В лоне «благочестивого семейства» формируется чаемая Достоевским истинная «русская личность» (23, 105), для которой мир представляет собою великое всеединство, в центре которого — Бог. Рассказывая о трапезе на огороде, с черной подсоленной коркой хлеба и «длинными зелеными стрелками лука с серыми зернистыми махорчиками на остриях, красной редиской, белой редькой, маленькими шершавыми и бугристыми огурчиками», Бунин заключает: «...мы за этой трапезой, сами того не сознавая, приобщались самой земли, всего того чувственного, вещественного, из чего создан мир. Помню: солнце пекло все горячее траву и каменное корыто на дворе, воздух все тяжелел, тускнел, облака сходились все медленнее и теснее и, наконец, стали подергиваться острым малиновым блеском, стали где-то, в самой глубокой и звучной высоте своей погромыхивать, а потом греметь, раскатываться гулким гулом и разражаться мощными ударами да все полновеснее, величавей, великолепнее... О, как я уже чувствовал это божественное великолепие мира и Бога, над ним царящего и его создавшего с такой полнотой и силой вещественности!»14 (Заметим, что в ощущении этой чувственной близости к земле сам Бунин очень схож с героями Достоевского.)

Люди в «благочестивом семействе» живут, соразмеряя свою жизнь не с климатическим календарем, а с религиозным, и в этом духовно-религиозном календарном измерении все приобретало особую значимость, сообразуясь с жизнью Христа, с событиями Старого и Нового Завета. В этой соразмерности своей судьбы с событиями Библейской истории человек обретал уверенность в особой, непререкаемой значимости своей жизни, преисполнялся сознанием глубокого, сокровенного смысла всего, что происходит с ним и вокруг него, обретал веру в Высшее Покровительство, чувствовал свою сопричастность мировой и природной жизни, что сообщало его личной судьбе особую значимость, а, следовательно, накладывало на человека и особую ответственность.

В произведениях И.С. Шмелева, И.А. Бунина, М.А. Булгакова и Б.К. Зайцева о «благочестивом семействе» создается чаемый Достоевским образ идеального пространства, доминантными локусами которого становятся деревня, окраина города и дом-усадьба.
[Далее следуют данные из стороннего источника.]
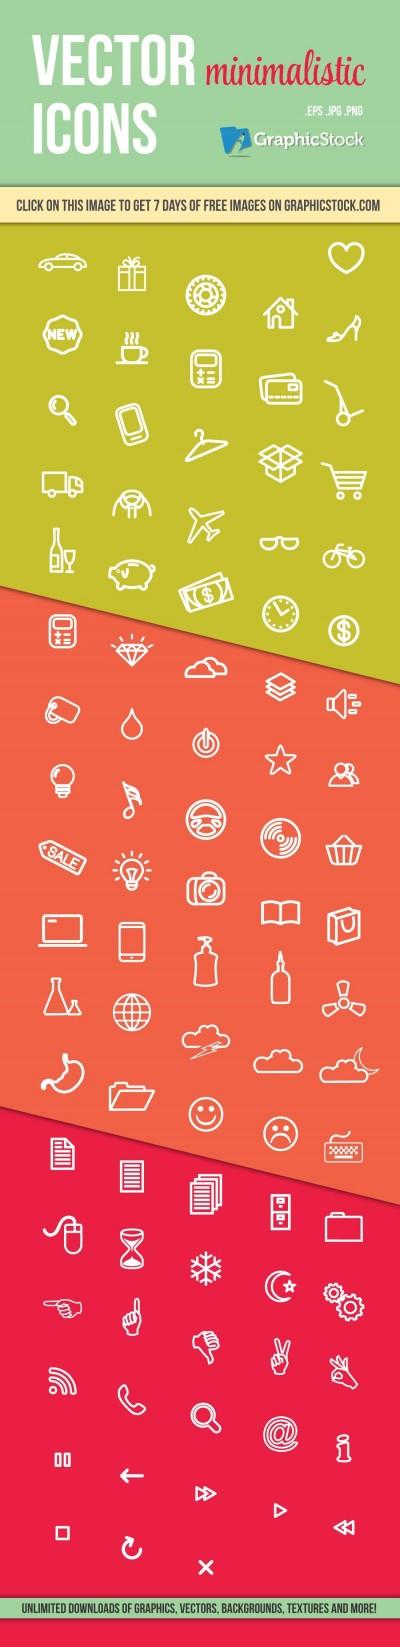 minimalist icons-min

Дом представляет собою не только жилище, но бытийственное, онтологически значимое пространство, в котором каждый обитатель чувствует свою причастность не только к своему роду, но и к истории народа и государства. Усадебное устройство позволяет организовать это пространство как органический союз человека с животным и растительным миром, представленным в домашнем бестиарии, саде и огороде.
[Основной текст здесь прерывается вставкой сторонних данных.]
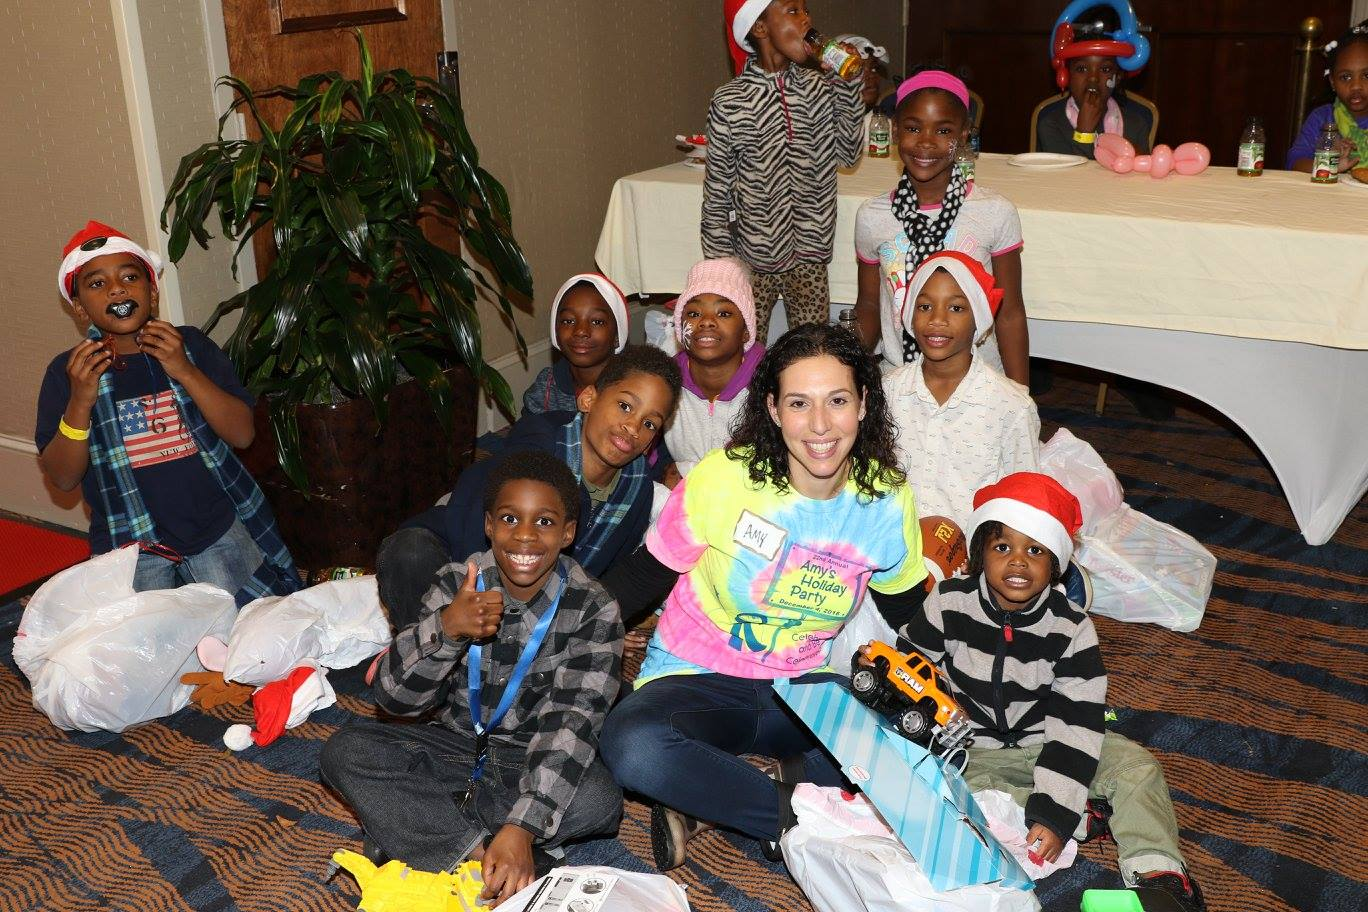 Celebrating Children in Need

Острота мировосприятия, гениальные чувства мирочувствования сформировались у Бунина в «младенчестве» и детстве, проведенном на хуторе, в «великой глуши». «Пустынные поля, одинокая усадьба среди них... Зимой безграничное снежное море, летом — море хлебов, трав и цветов... И вечная тишина этих полей, их загадочное молчание... Но грустит ли в тишине, в глуши какой-нибудь сурок, жаворонок? Нет, они ни о чем не спрашивают, ничему не дивятся, не чувствуют той сокро-

544 Ольга Юрьева

венной души, которая всегда чудится человеческой душе в мире, окружающем ее, не знают ни зова пространства, ни бега времени». На подворье «были собаки, лошади, овцы, коровы, работники, были кучер, староста, стряпухи, скотницы, няньки, мать и отец, гимназисты братья, сестра Оля, еще качавшаяся в люльке»15. Символичен уже этот перечислительный ряд, в котором «на равных» располагаются все обитатели усадьбы, животные и люди, в своей естественной целокупности, что весьма свойственно и любимым героям Достоевского, для которых мир представляет ненарушимое всеединство, частью которого является человек.
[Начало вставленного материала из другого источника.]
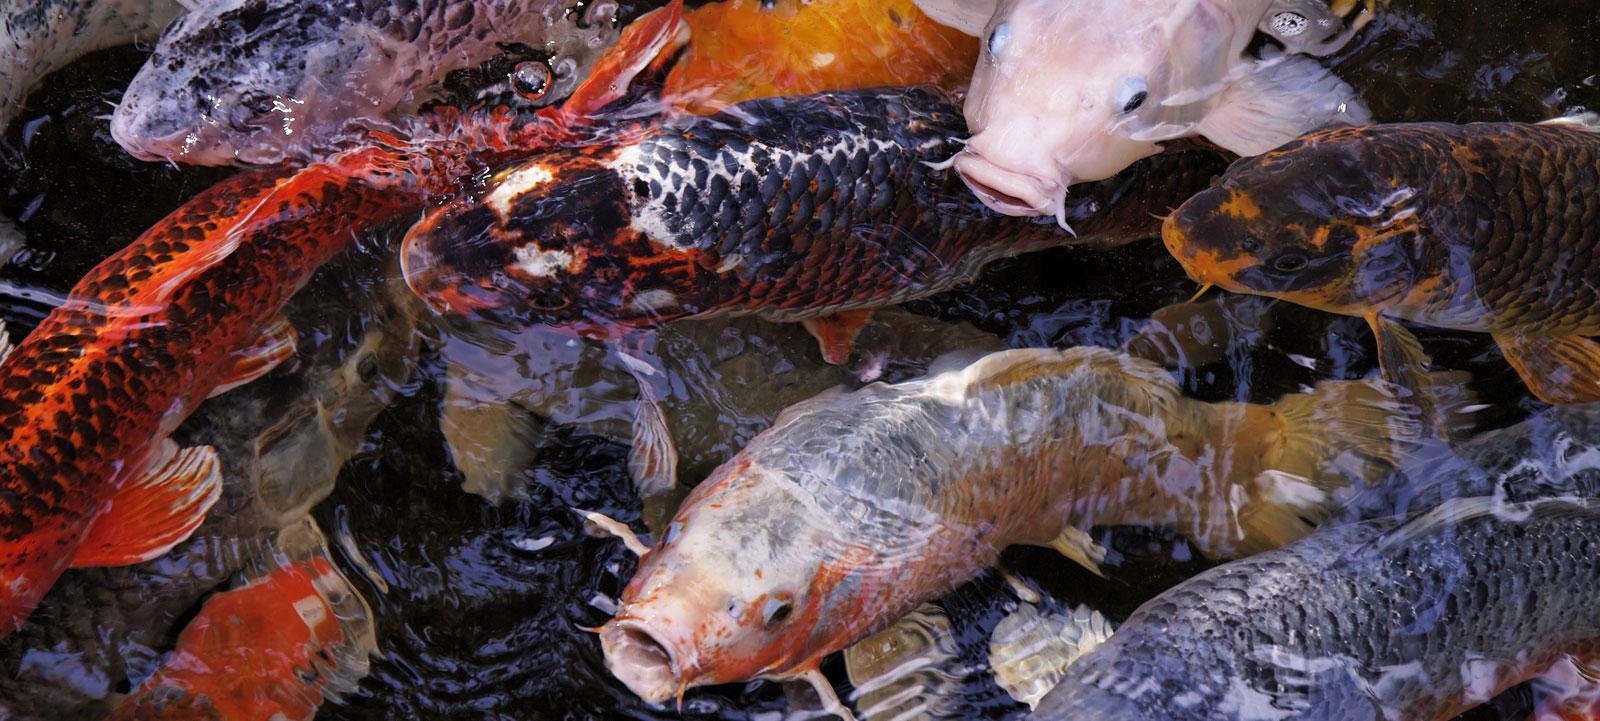 Comment lever des carpes koi jardins aquatiques for La carpe koi

Те же ощущения фиксирует в своей автобиографической прозе Б.К. Зайцев: «Навсегда врезался двухэтажный белый дом на взгорье, почти среди села; дорога к церкви, усаженная ракитами; бело-розовая церковь с раздольным погостом, откуда видны луга, с разметавшейся "поповкой", — там жил причт. Наискось через улицу большой сад. <...> А далеко вокруг дома, церкви, сада, села, расположенного на полухолме, — синели кольцом леса» 16. А окна дома как будто «выходили вообще на Божий мир, лежавший в таком просторе и ясности» 17.

Многозначный образ Дома, созданный в романе М.А. Булгакова «Белая гвардия», представляет собою удивительно емкий синтез мифологем русской культуры XIX века. «Родное гнездо» М.А. Булгакова располагалось в доме № 13 по Александровскому спуску. «Изразцовая печка в столовой грела и растила Еленку маленькую, Алексея старшего и совсем крошечного Николку. Как часто читался у пышущей жаром изразцовой площади "Саардамский Плотник", часы играли гавот, и всегда в конце декабря пахло хвоей, и разноцветный парафин горел на зеленых ветвях. В ответ бронзовым, с гавотом, что стоят в спальне матери, а ныне Еленки, били в столовой черные стенные башенным боем. Покупал их отец давно, когда женщины носили смешные, пузырчатые у плеч рукава. Такие рукава исчезли, время мелькнуло, как искра, умер отец-профессор, все выросли, а часы остались прежними и били башенным боем. К ним все так привыкли, что, если бы они пропали как-нибудь чудом со стены, грустно было бы, словно умер родной голос и ничем пустого места не заткнешь. Но часы, по счастью, совершенно бессмертны, бессмертен и Саардамский Плотник, и голландский изразец, как мудрая скала, в самое тяжкое время живительный и жаркий.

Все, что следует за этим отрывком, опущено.